Last visit was: Thu May 01, 2025 11:56 am
It is currently Thu May 01, 2025 11:56 am



 [ 39 posts ]  Go to page Previous  1, 2, 3  Next
 Tugman 18-bit Stack CPU 
Author Message

Joined: Tue Sep 03, 2024 6:20 pm
Posts: 33
No breaking changes to the assembly/existing code, but got everything clean. Sitting at 512 LUTS/50.9MHz.
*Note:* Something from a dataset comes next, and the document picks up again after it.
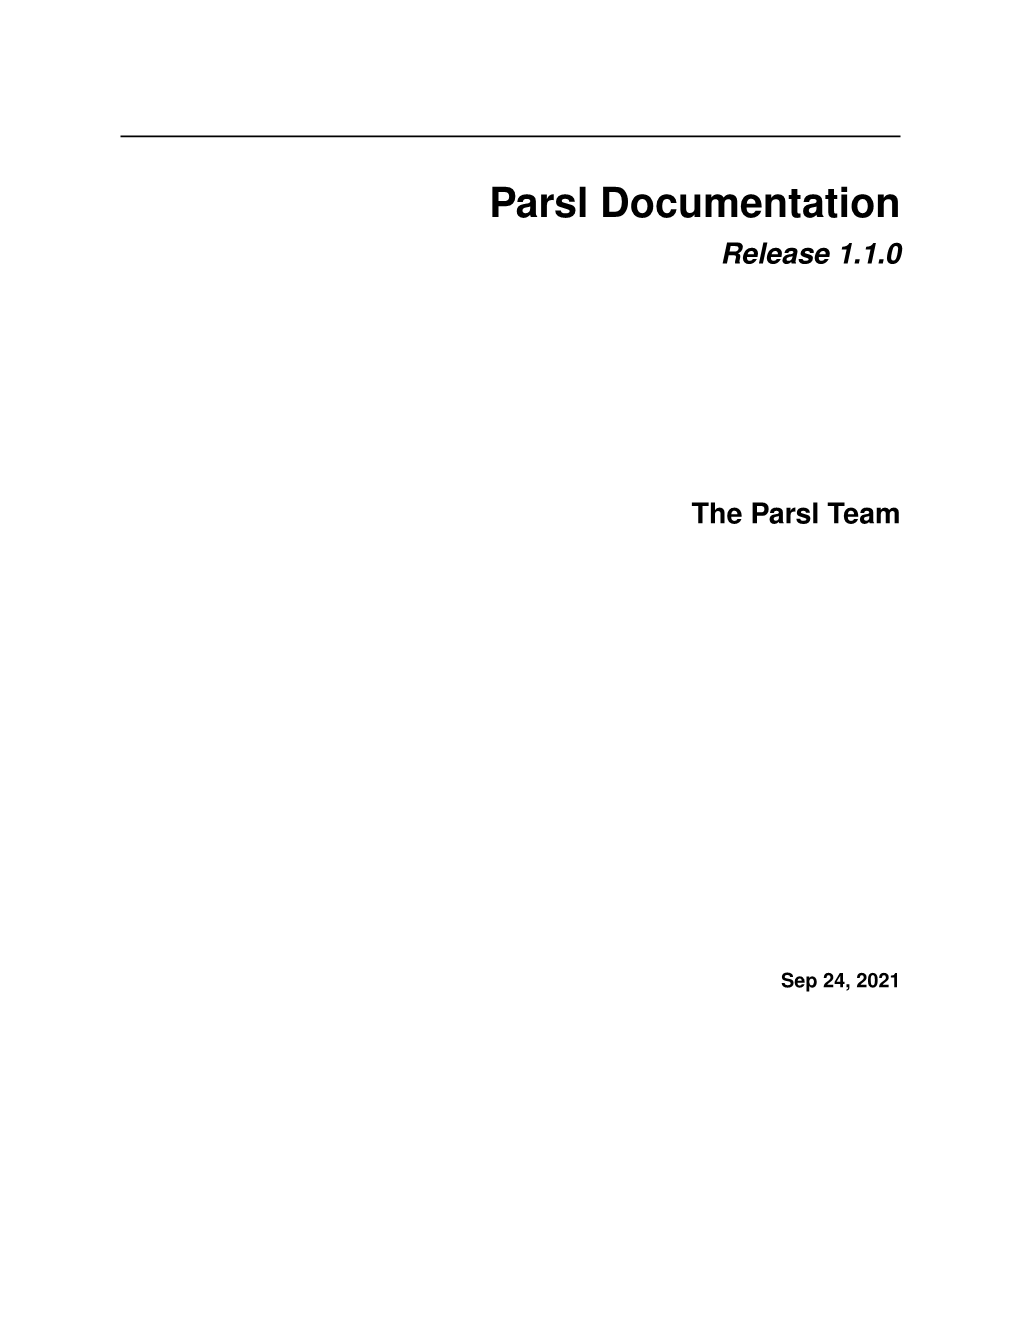 Parsl Documentation Release 1.1.0
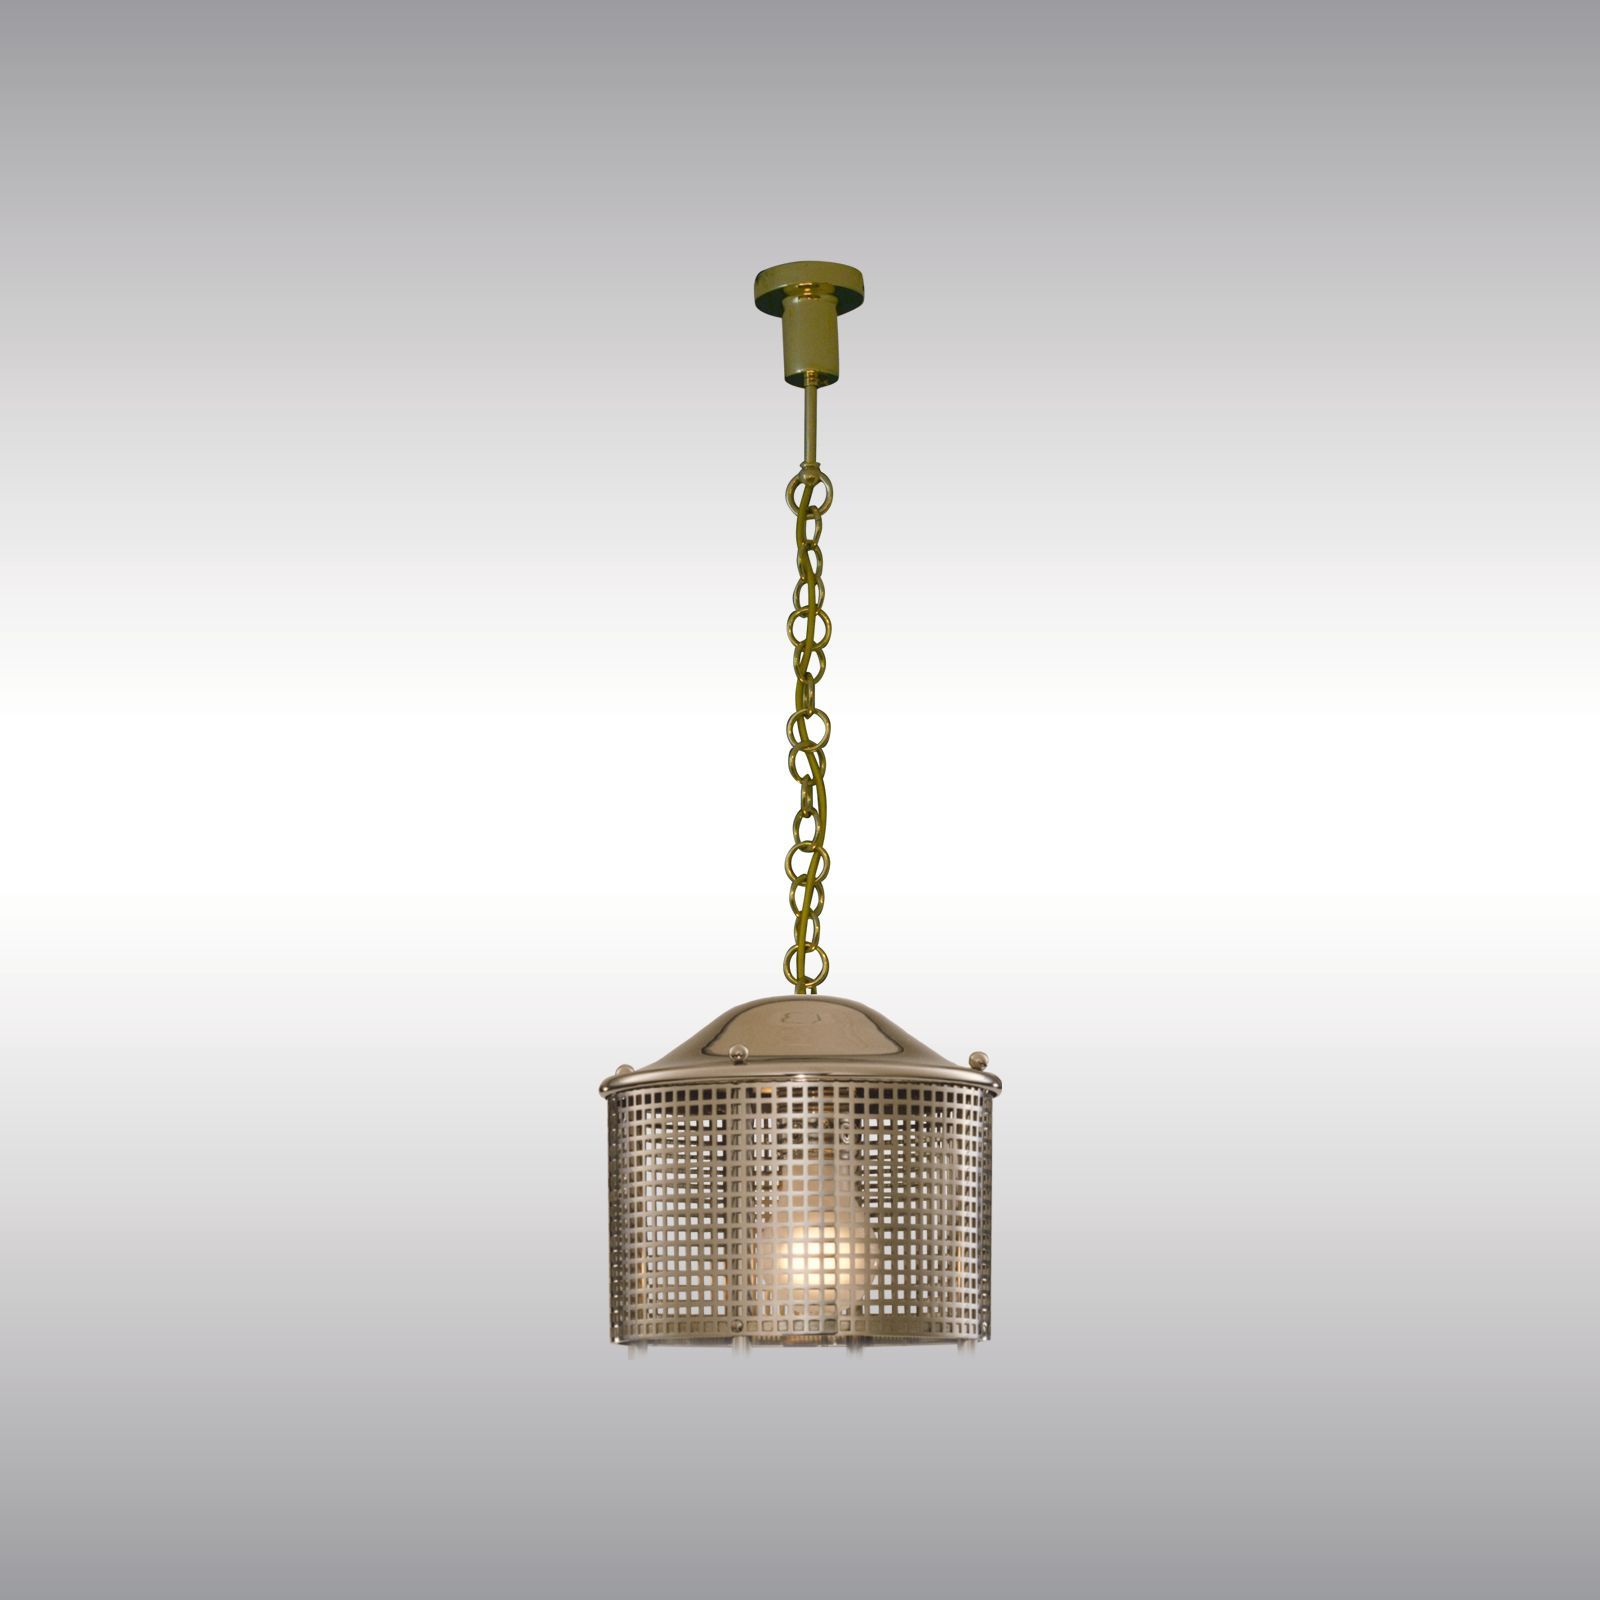 WOKA LAMPS VIENNA - OrderNr.: 21814|JH8-Pendant - Design: Josef Hoffmann

AND TOS preserves the C flag, to allow the instruction to return with C intact (other ALU operations trashed C so I couldn't return flags). This makes coding nicer. For instance, here is an input routine that converts ASCII to hex nybbles, returning C and original character on error:
Code:
;==============================================================================
; a2h (a--h/nc or a,?/c    If carry set, it is not a hex digit.
;
a2h:    lit     $30               
        op      OP_XOR,B_NOS        ;(a,n--) transform so '0-9' is 0-9         
        lit     10
        op      OP_SUB,B_NOS        ;(a,n,n-10) check upper range
        jcd     .digit
        lit     $3FF89             
        op      OP_ADD,B_NOS,DSPD   ;move 'A-F' to -6:-1; G will set C
        jc      .return               ;>F
        lit     $3FFFA
        op      OP_SUB,B_NOS
        jcd     .return              ;<A
.digit: lit     $F
         op     OP_AND,B_NOS,DSPD2,RSPD,RET  ;no carry
.return: op    OP_AND,B_TOS,RSPD,RET  ;carry-preserving return


Tue Sep 10, 2024 1:15 am

Joined: Tue Sep 03, 2024 6:20 pm
Posts: 33
It got too confusing, so I cleared up the meaning of a couple of things, keeping the ISA identical:

It's all about the ALU_C and ALU_N bits in the instruction.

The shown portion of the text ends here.